Iran’s propaganda outlets controlled by the IRGC and Supreme Leader Ayatollah Ali Khamenei immediately set the tone for the country’s response to the attack.

In the early hours of August 13 in Tehran, IRGC-linked Fars News Agency republished a 2016 analysis from the official website that justified attacks on Rushdie’s life—it quoted Khamenei as saying that the “arrow fired by [his predecessor] Imam Khomeini will eventually hit home”.

Fars published the analysis with a single comment added to the top: to “succeed in diplomacy”—an apparent reference to indirect ongoing nuclear talks in Vienna—Iran should follow the example of “dealing” with Rushdie.

Elaborating further, the analysis noted that Iran must “adhere to Islamic principles and not give up on them when facing international challenges”.

Hours earlier, the government-run Islamic Republic News Agency had posted a Twitter thread about Mustafa Mahmoud Mazeh, “the first martyr” who tried to kill Rushdie following the fatwa.
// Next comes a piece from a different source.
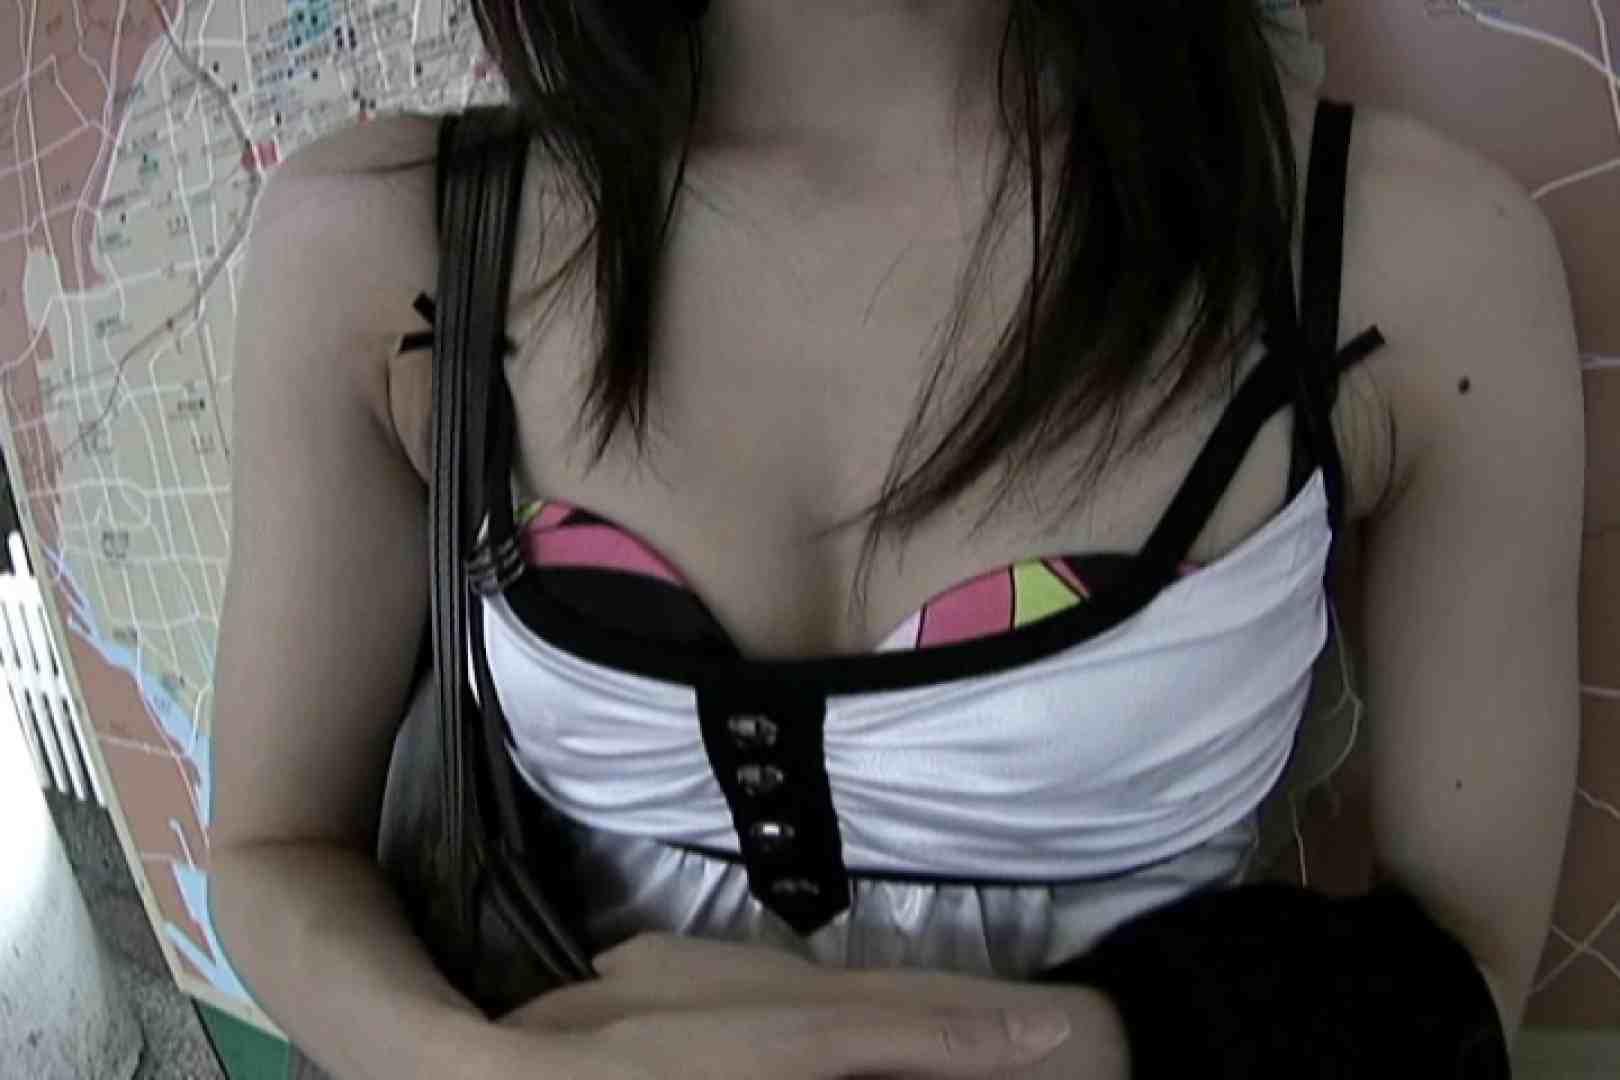 ハイビジョンパンチラ オッテQさんの追跡パンチラ制服女子編Vol.05 制服 エロ画像 93pic 33
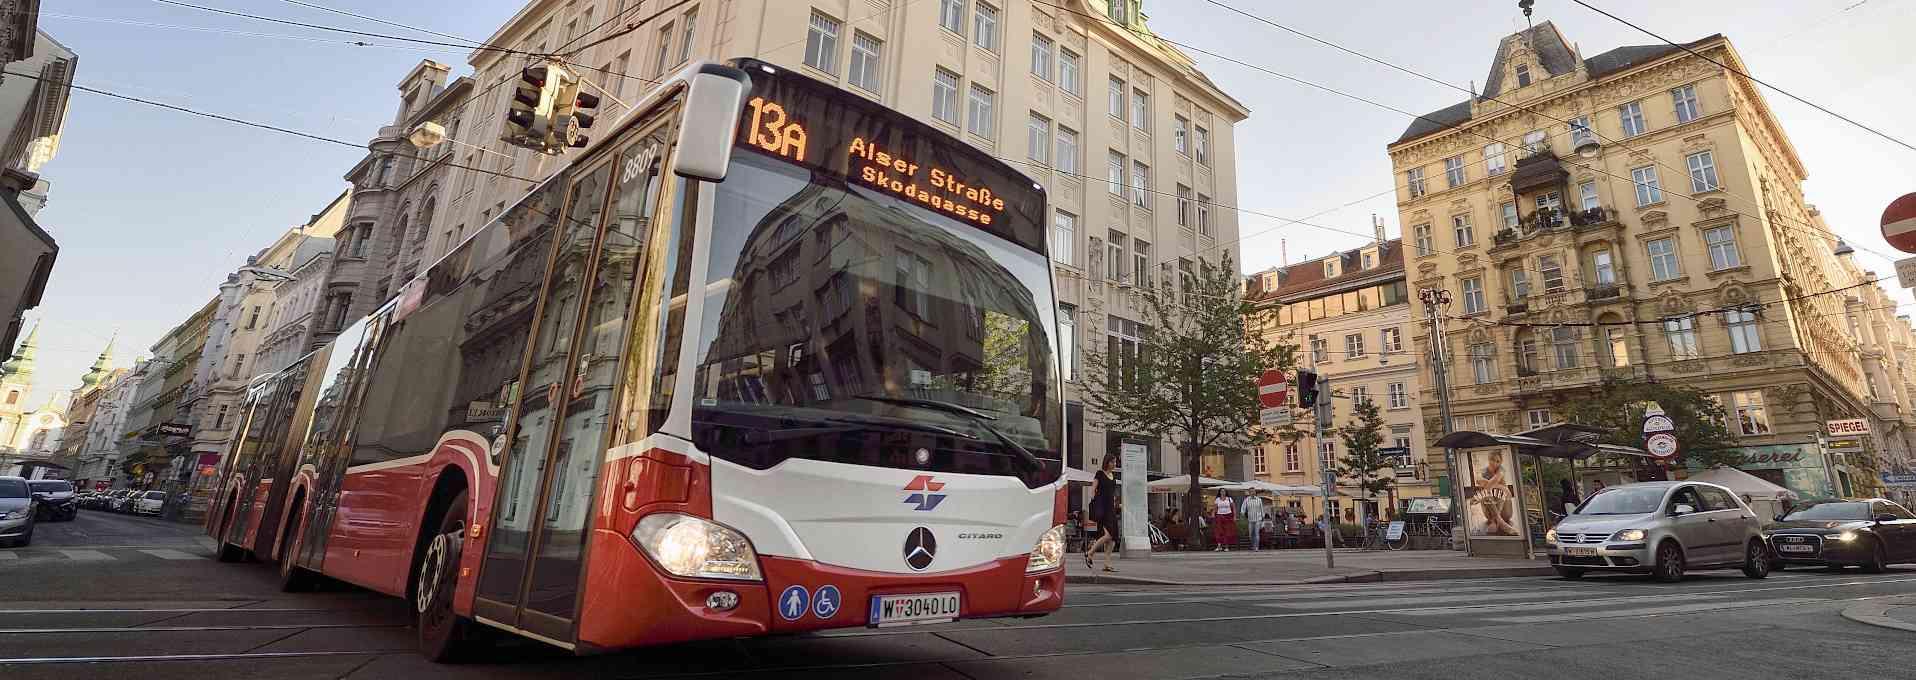 Autobus der Linie 13A am Siebensternplatz.

Lebanese national Mazeh died on August 3, 1989, when a book bomb he was priming for Rushdie prematurely exploded in a London hotel.

In a front-page article titled “devil’s neck under the sword”, the government-run Iran-newspaper celebrated that Rushdie had “finally [been] attacked thirty-four years after the historical fatwa”.

Ali Khamenei’s mouthpiece, Kayhan daily, praised the assailant and wrote that “his [Hadi Matar’s] hands should be showered with kisses”. Pointing to Rushdie sustaining neck injuries in the attack, the paper jubilantly added that his neck will “soon be cut off”, apparently signaling a second assault.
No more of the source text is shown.